(Bloomberg) Over the last week or so, we saw GameStop-inspired flash mobs turn their attention to silver, where they attempted to engineer a squeeze. It didn’t really work out.
But silver prices did briefly surge, and for a few days, retail silver coin sites were totally sold out. So why did this happen, and why does silver tend to attract phenomenons like this? This was one topic we spoke about on a recent “Odd Lots” podcast with Jeff Currie, the top commodities strategist at Goldman Sachs Group Inc.
Here are a few lightly edited segments from the discussion.
You go back in history for hundreds of years, silver has always been associated with populist movements. And so the market today is focused on the Hunt brothers cornering of the silver market as the historical analog. We think the appropriate historical analog is actually William Jennings Bryan’s “Cross of Gold” speech where essentially he argues that the government and the banks were suppressing inflation and economic potential. It was just similar to the rhetoric that the WallStreetBets group was advocating.
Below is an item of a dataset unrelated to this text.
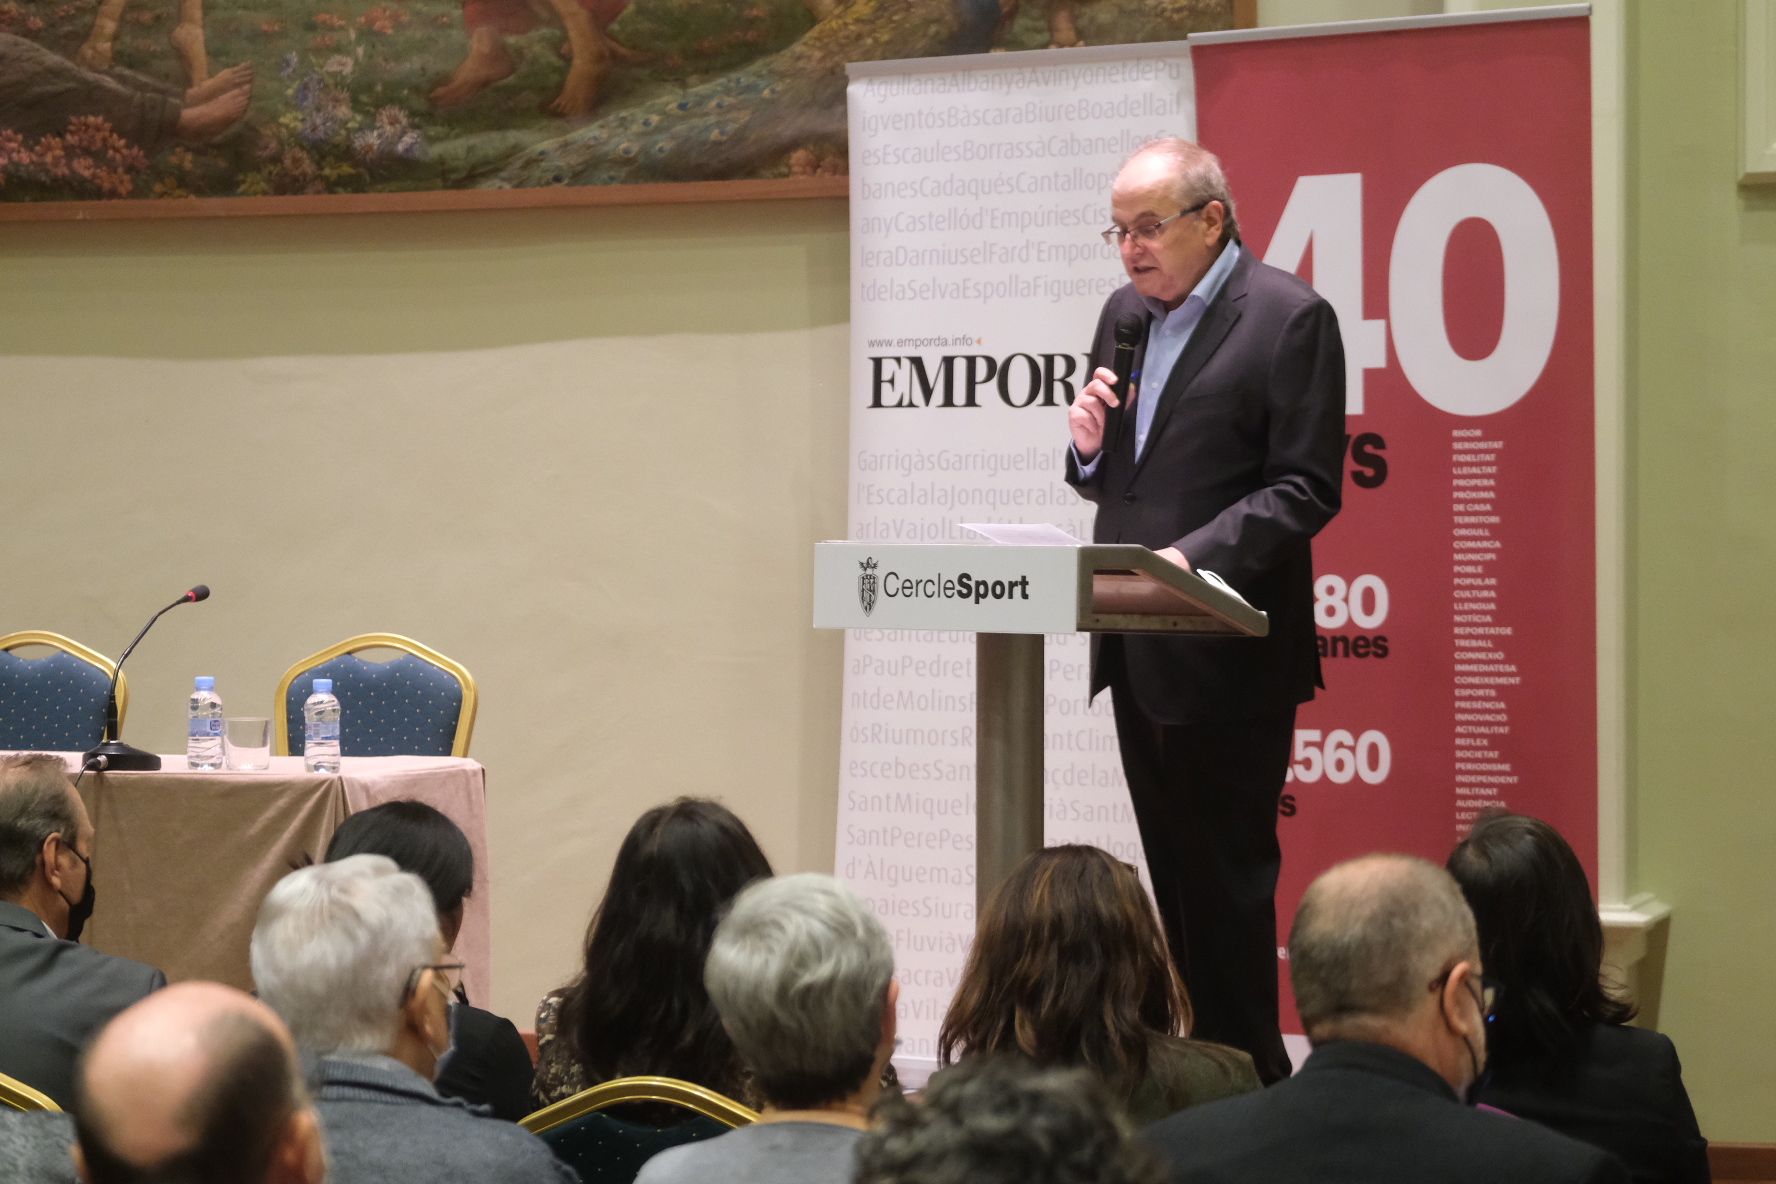 La Premsa Comarcal celebra el 40è aniversari al Cercle Sport de Figueres
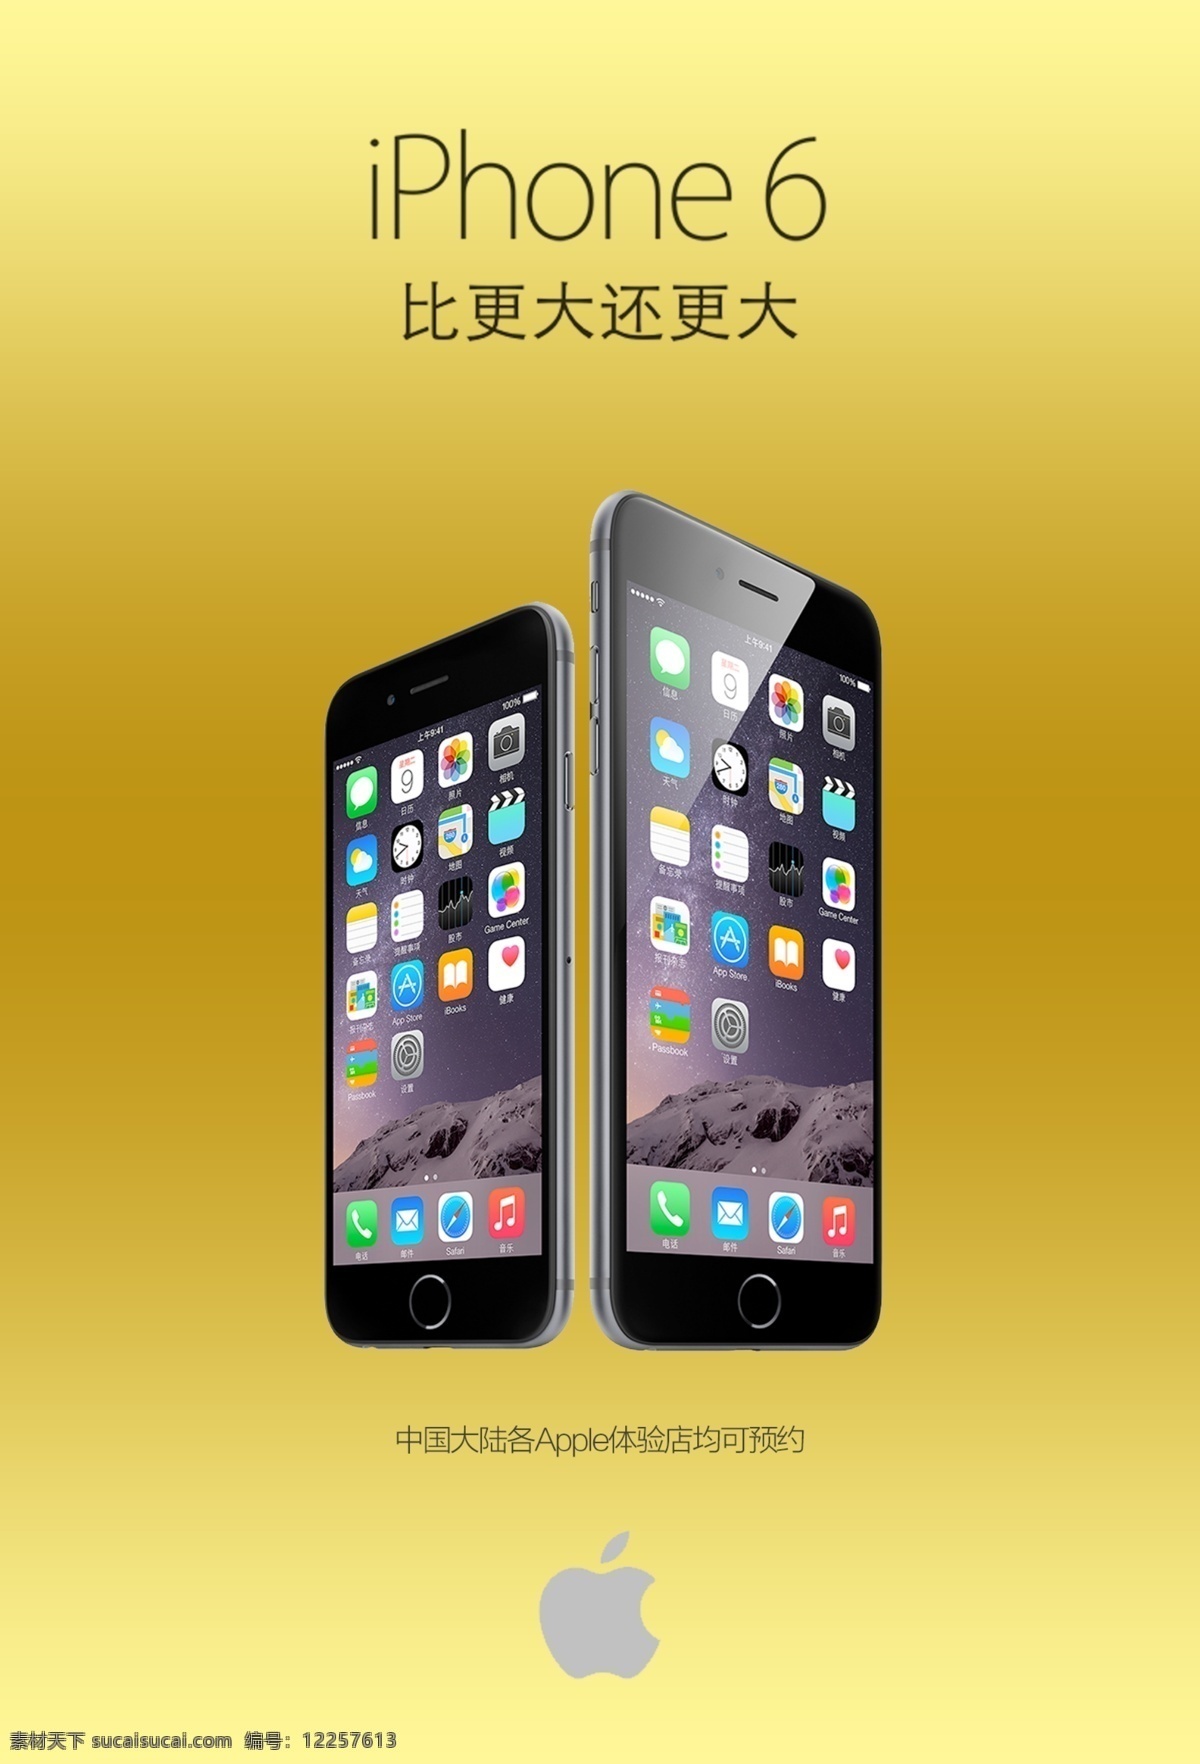 苹果 iphone6 新品 展示 苹果6 大屏 现代 通讯 平面 广告图 现代科技 数码产品 黄色

And the key here is, take somebody like Bryan. He was advocating silver coinage as a way of getting around this. And so it has that historical populist element to it. And I think that’s really what’s at play here.
And the way we view the Wall Street Bets group is this is just a continuation of the rise of populism, or it’s just, you know, a crescendo occurring, week after week that’s representing, I think, there’s need for governments to address some of these issues around income inequality and other social needs.